● **Action item**
For the copy, please give all of the data again exactly and leave the pictures out.

● **Data provided**
◆ ◆ ◆
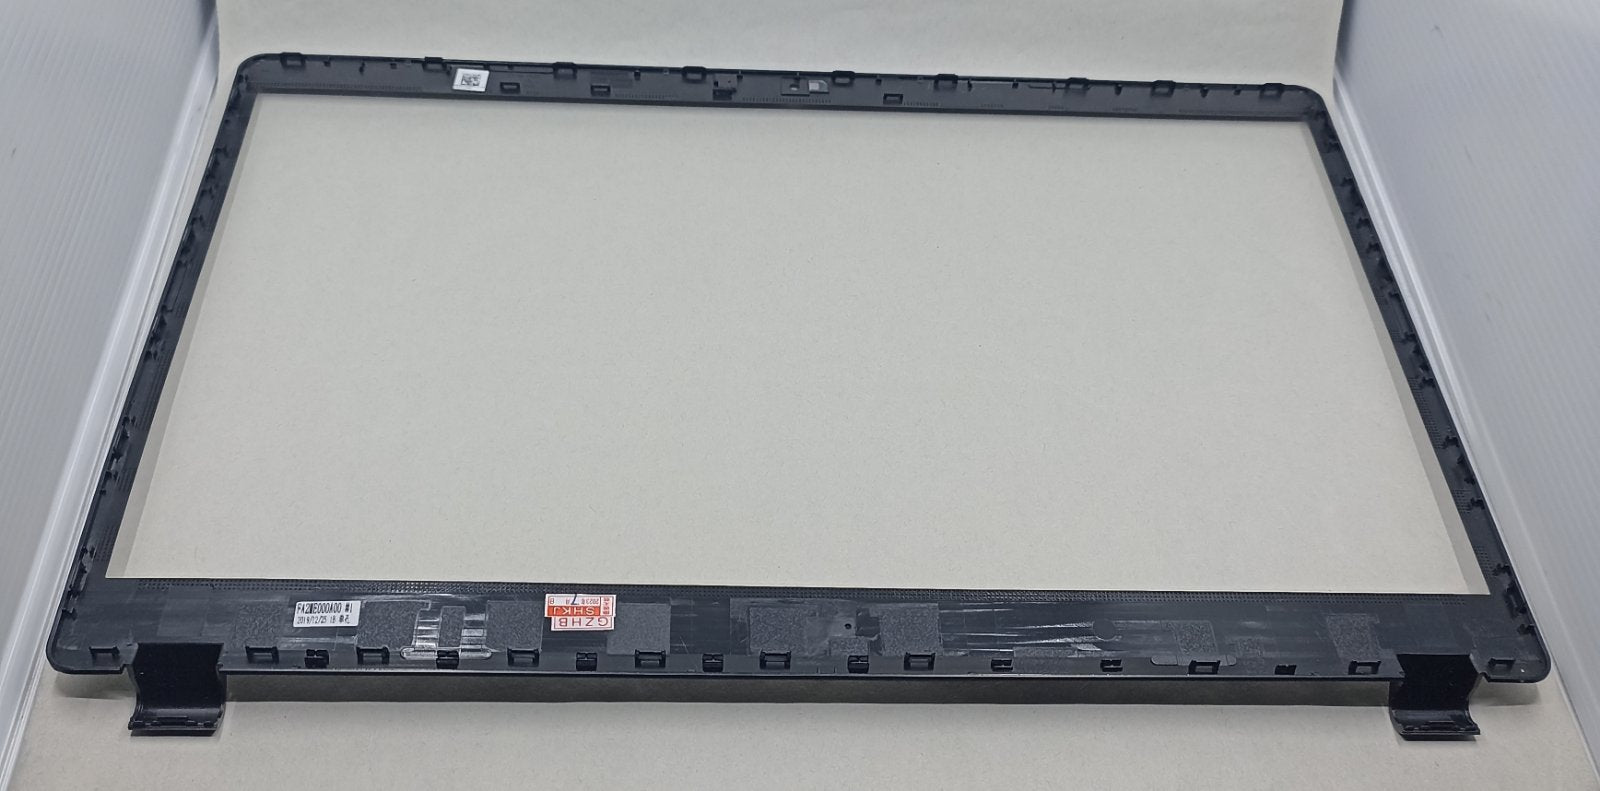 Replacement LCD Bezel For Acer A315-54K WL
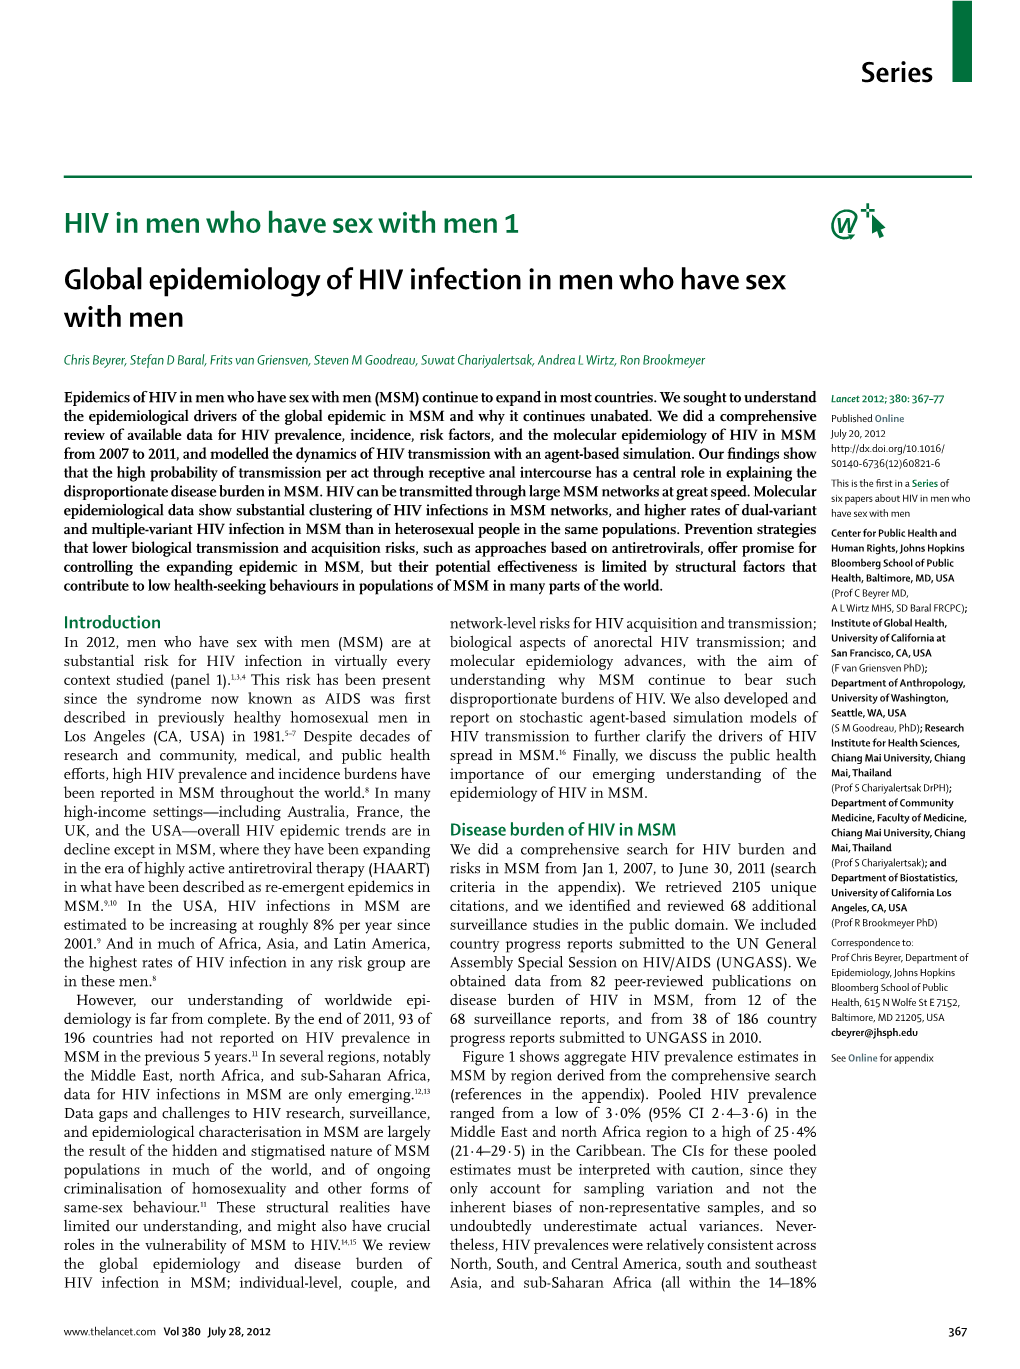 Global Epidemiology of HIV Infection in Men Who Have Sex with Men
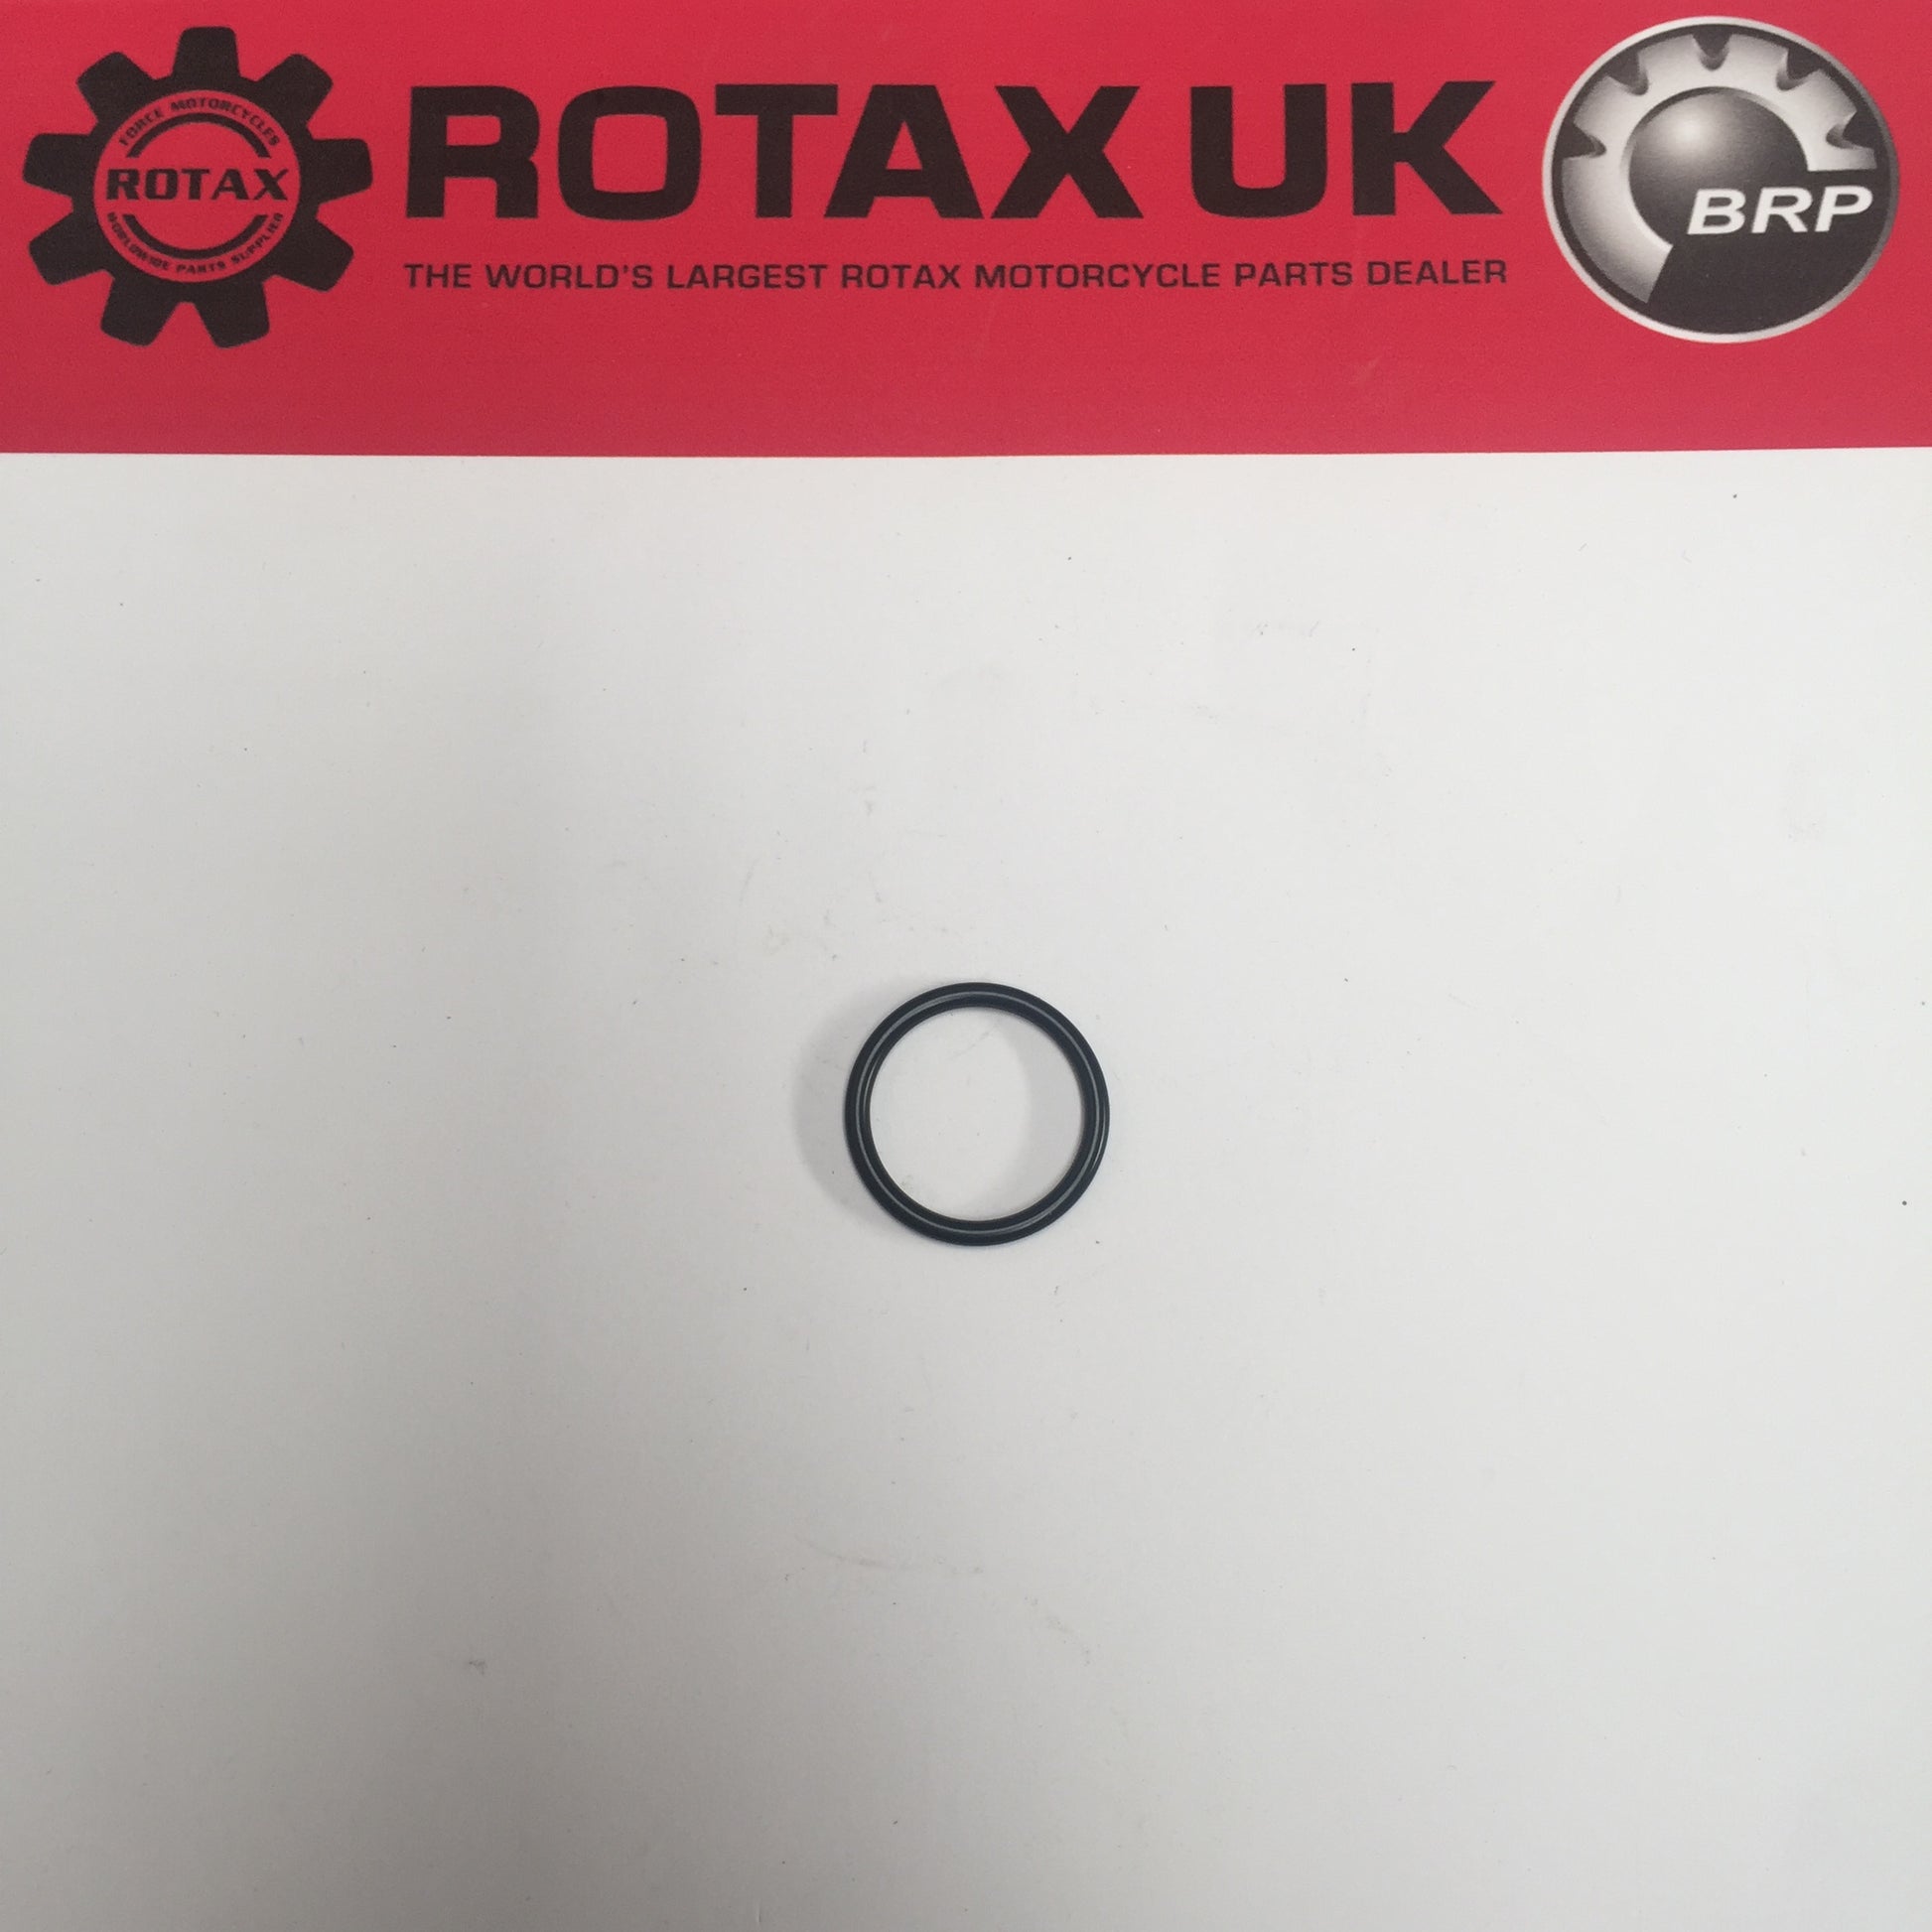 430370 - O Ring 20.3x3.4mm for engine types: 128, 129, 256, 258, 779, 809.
◆ ◆ ◆
● **Response**
 Replacement LCD Bezel For Acer A315-54K WL
 Global Epidemiology of HIV Infection in Men Who Have Sex with Men
 430370 - O Ring 20.3x3.4mm for engine types: 128, 129, 256, 258, 779, 809.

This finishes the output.